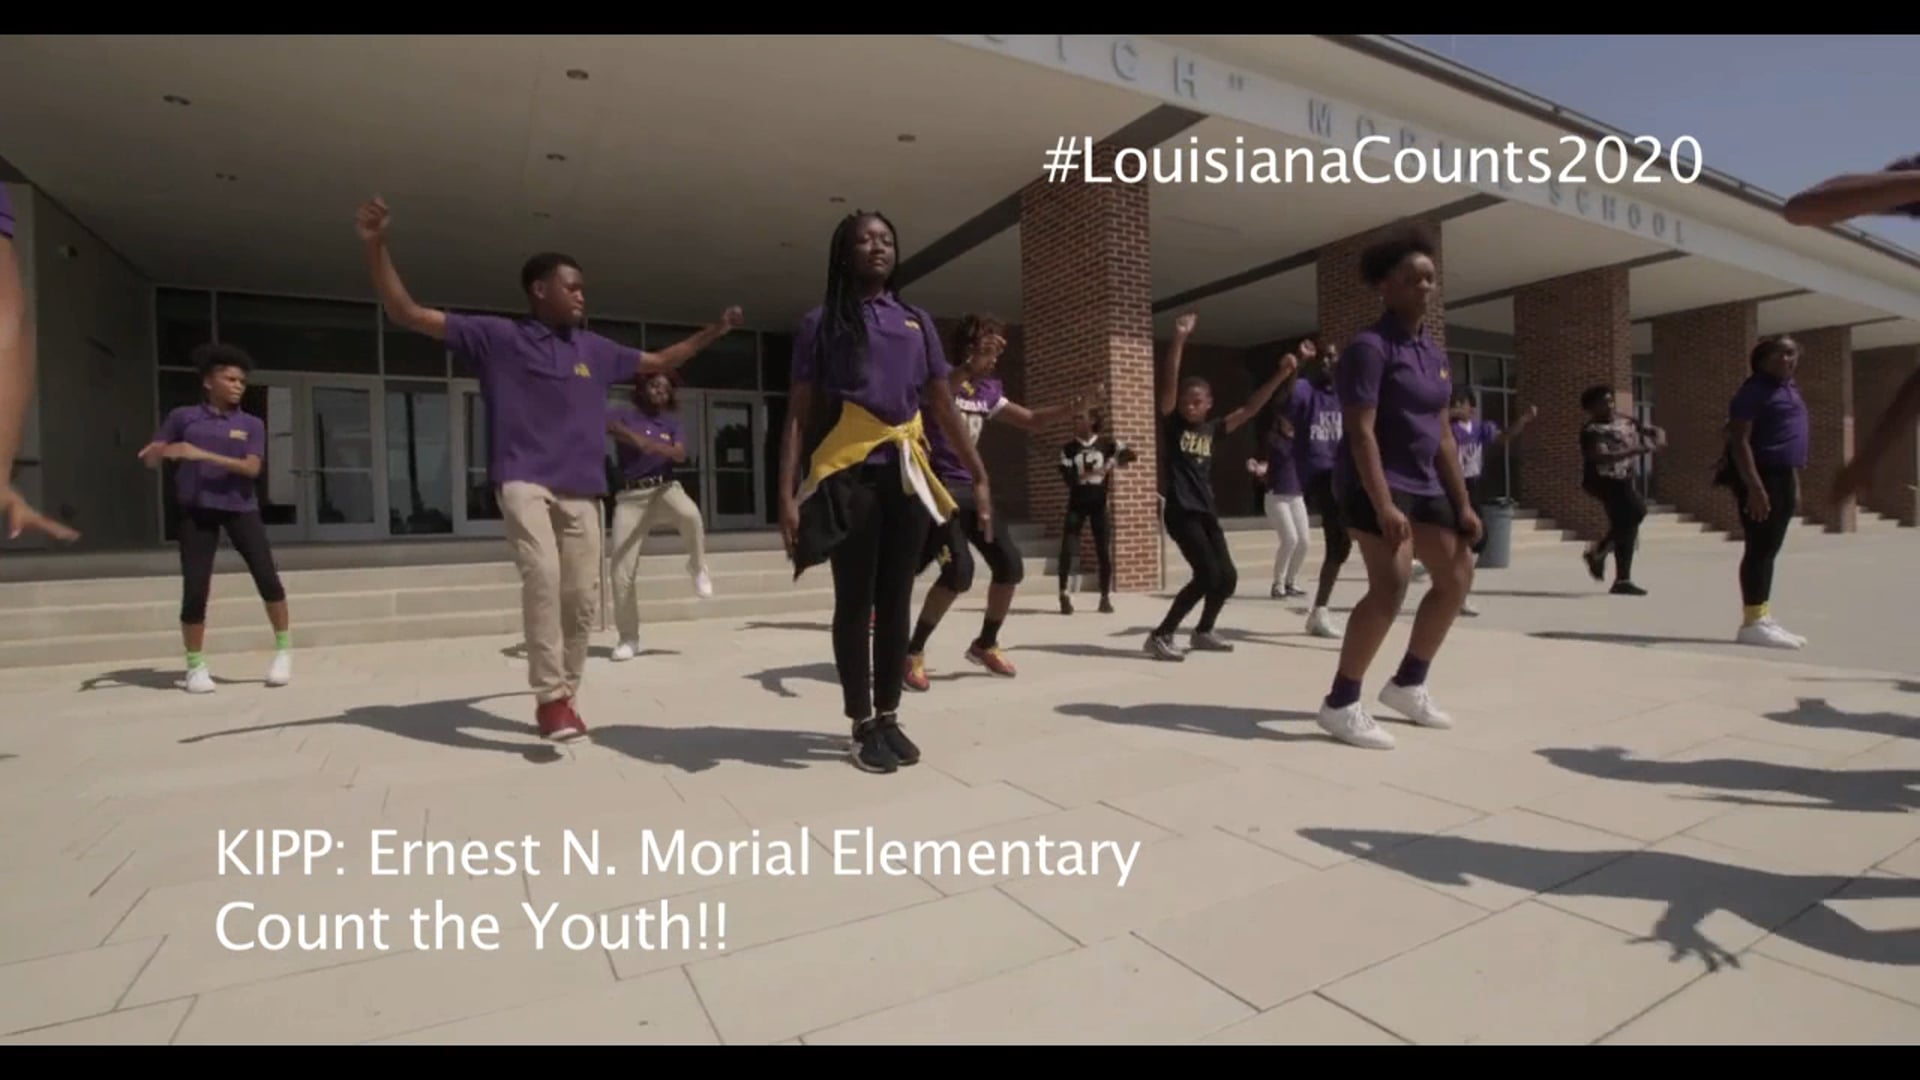 "Count Our Youth"
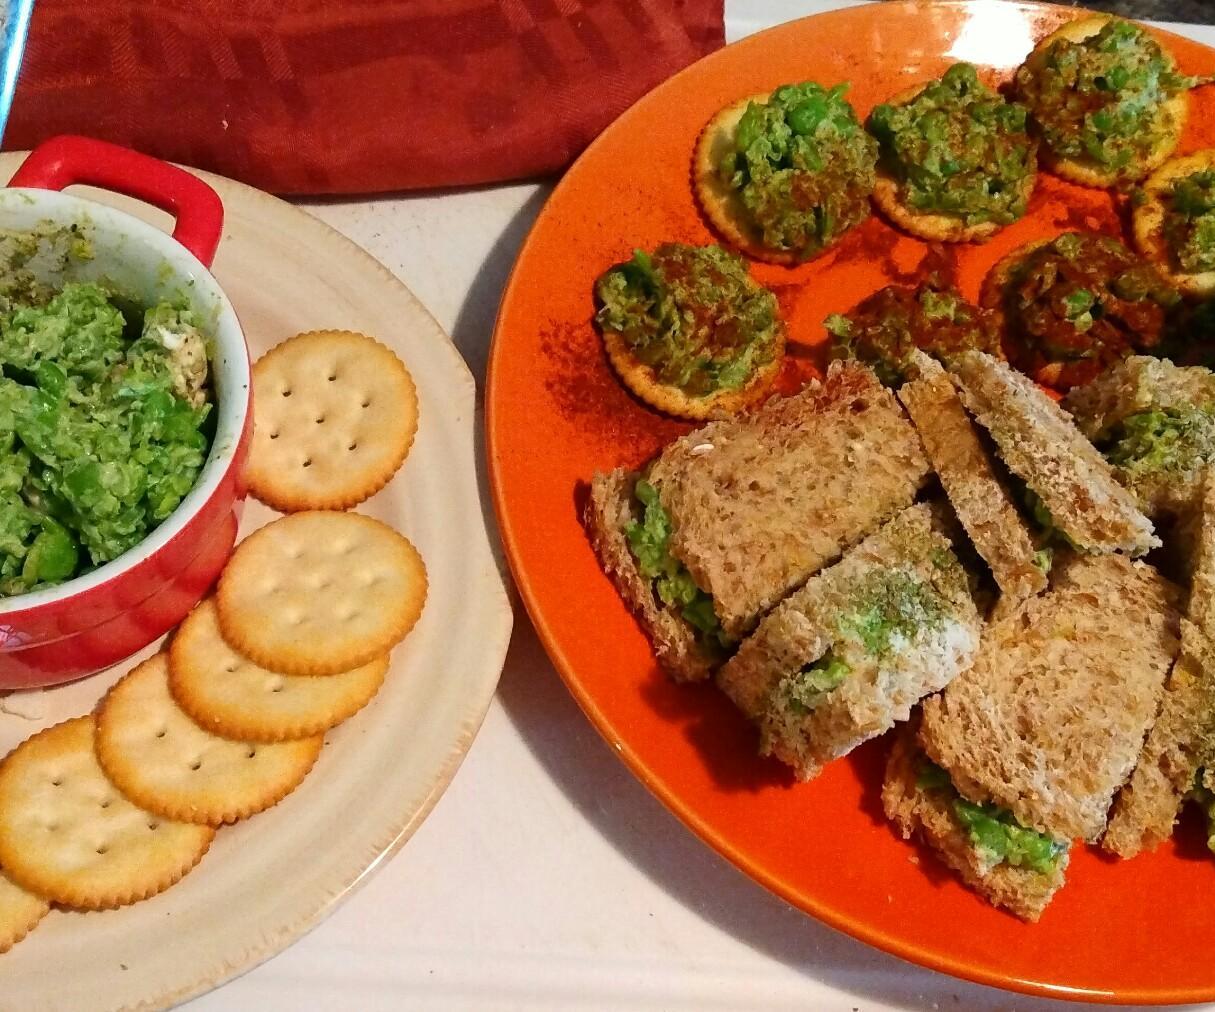 (LICKETY-SPLIT) PEA DIP FINGER SANDWICHES / HORS D'OEUVRES
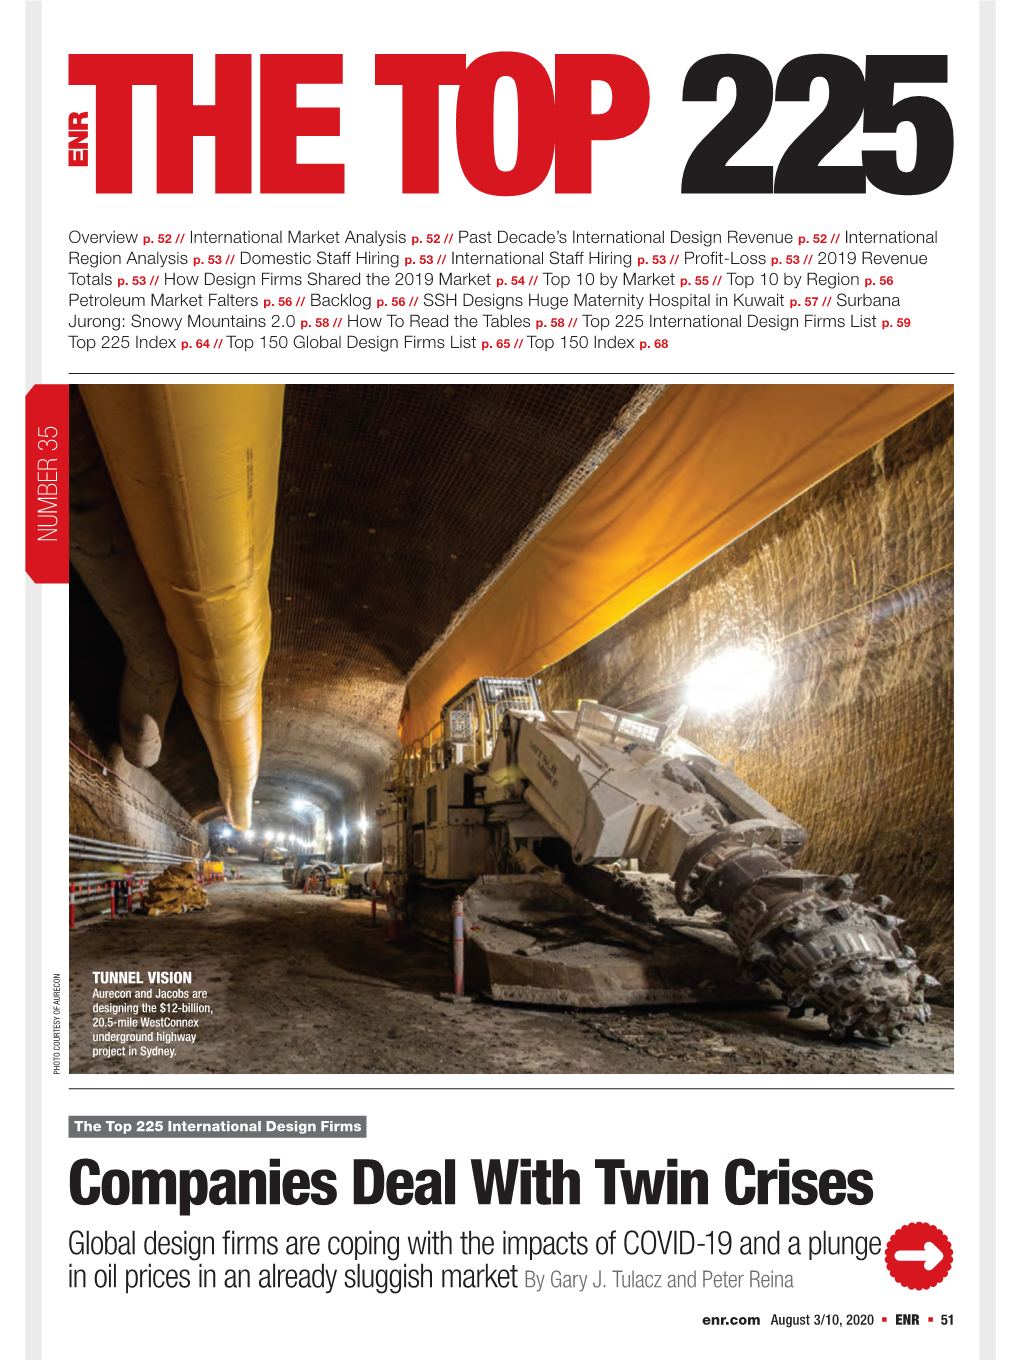 Companies Deal with Twin Crises Global Design Firms Are Coping with the Impacts of COVID-19 and a Plunge in Oil Prices in an Already Sluggish Market by Gary J

^^^^

### WHAT IS EXPECTED
Every line of the data above should be returned exactly, with the pictures removed.

### WRITTEN REPLY
 "Count Our Youth"
 (LICKETY-SPLIT) PEA DIP FINGER SANDWICHES / HORS D'OEUVRES
 Companies Deal with Twin Crises Global Design Firms Are Coping with the Impacts of COVID-19 and a Plunge in Oil Prices in an Already Sluggish Market by Gary J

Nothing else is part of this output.